Так вот, в последние полтора месяца я необычные для себя интересы в жизни обнаружил и множество приятных знакомств приобрёл. Мне даже кажется теперь, что люди, работающие с онкологическими больными, особенно хорошие и приятные, и добрые, хотя мой московский друг моих взглядов не разделяет.
В другом госпитале искали-искали и всё-таки нашли у меня в лёгких что-то не то, и в немецком тут же всполошились:
– Мы сами ему биопсию сделаем, сами! Хватит вам его правой почки!
И вот, как обычно, к семи утра я приезжаю в клинику, теперь уже немецкую.
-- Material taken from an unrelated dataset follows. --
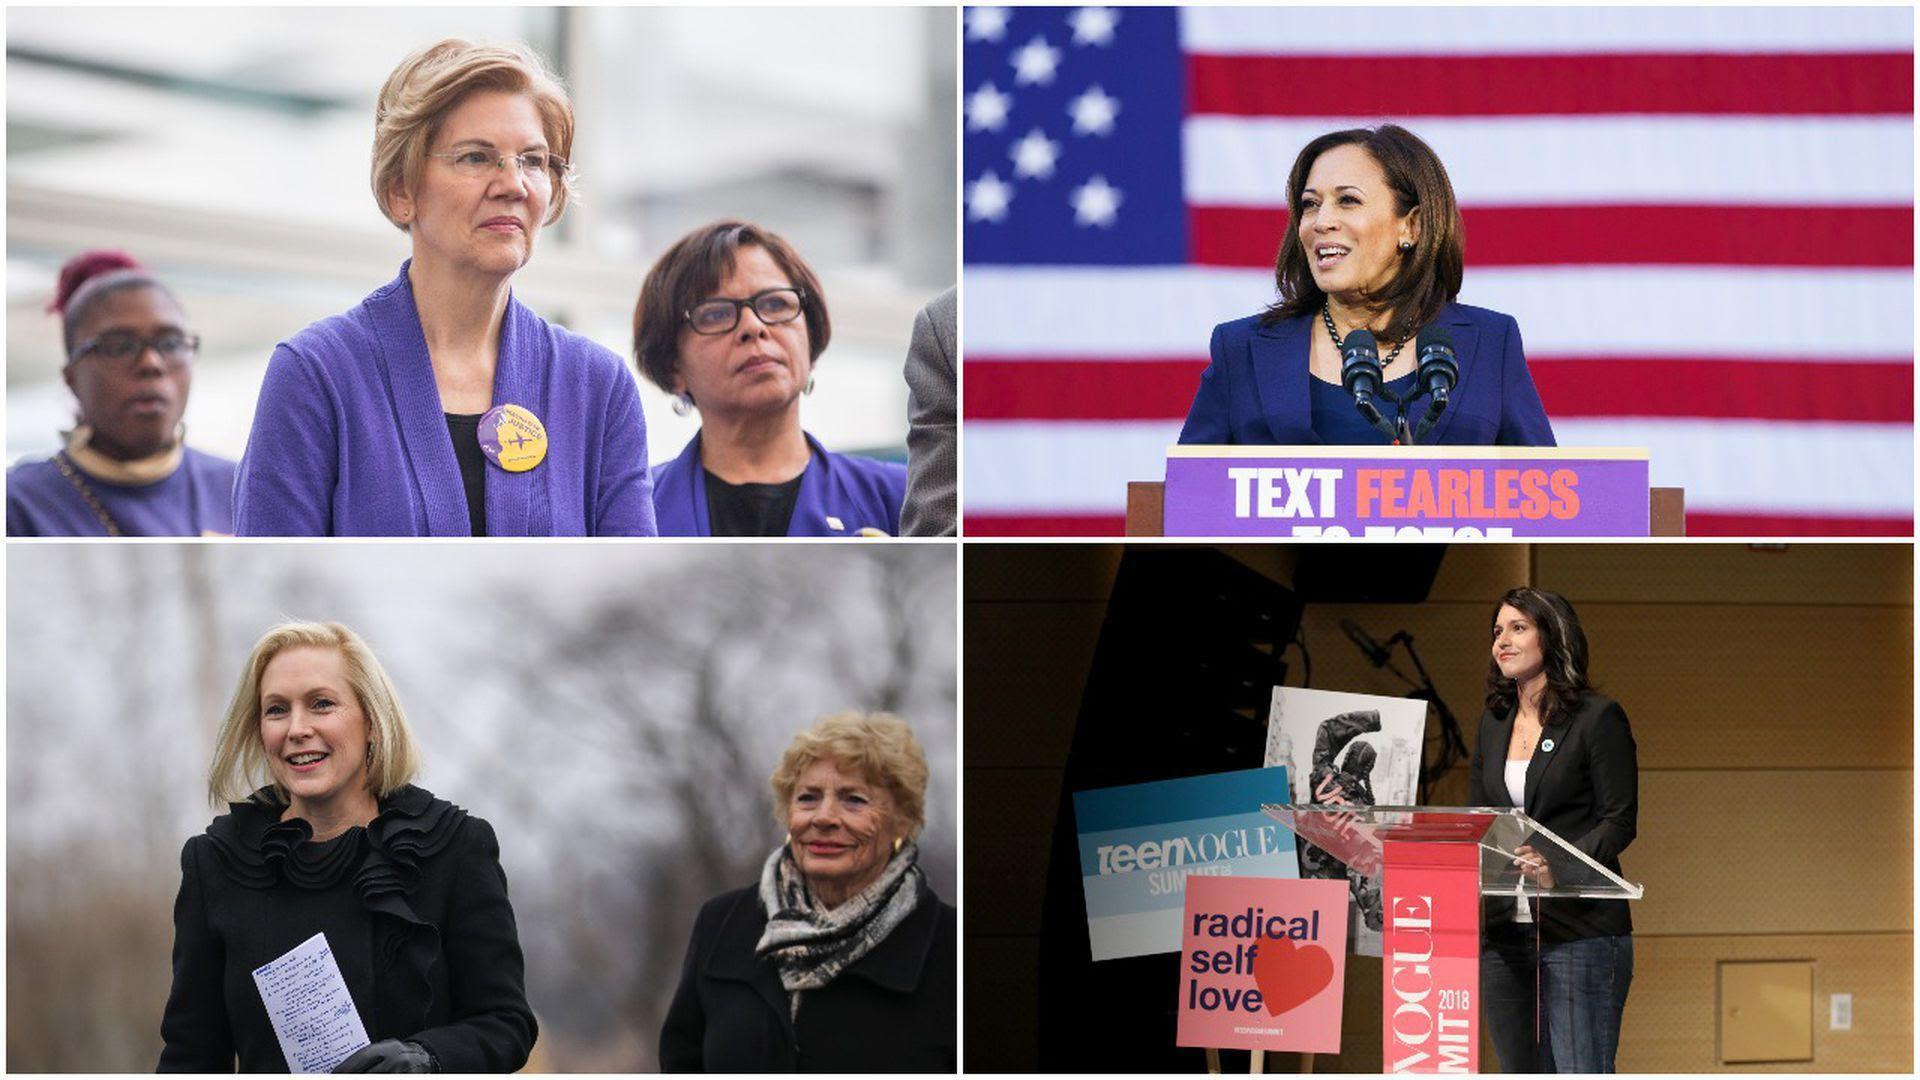 Elizabeth Warren, Kirsten Gillibrand, Tulsi Gabbard, and Kamala Harris.

Они определили меня в палату и дали полчасика полежать, послушать вышеупомянутых знаменитостей, пока мне в вену какой-то особо громоздкий катетер впихивали. Отсутствие вен у меня такое, что вставить в них ничего нельзя. Только впихнуть, как в фильмах для взрослых. Недаром клиника немецкая.
Потом пришли молодые весёлые медсёстры и покатили меня с кроватью в операционную. Глядя на их молодость, и я развеселился:
– А слабо́, фройляйны, куикли-куикли меня покатать?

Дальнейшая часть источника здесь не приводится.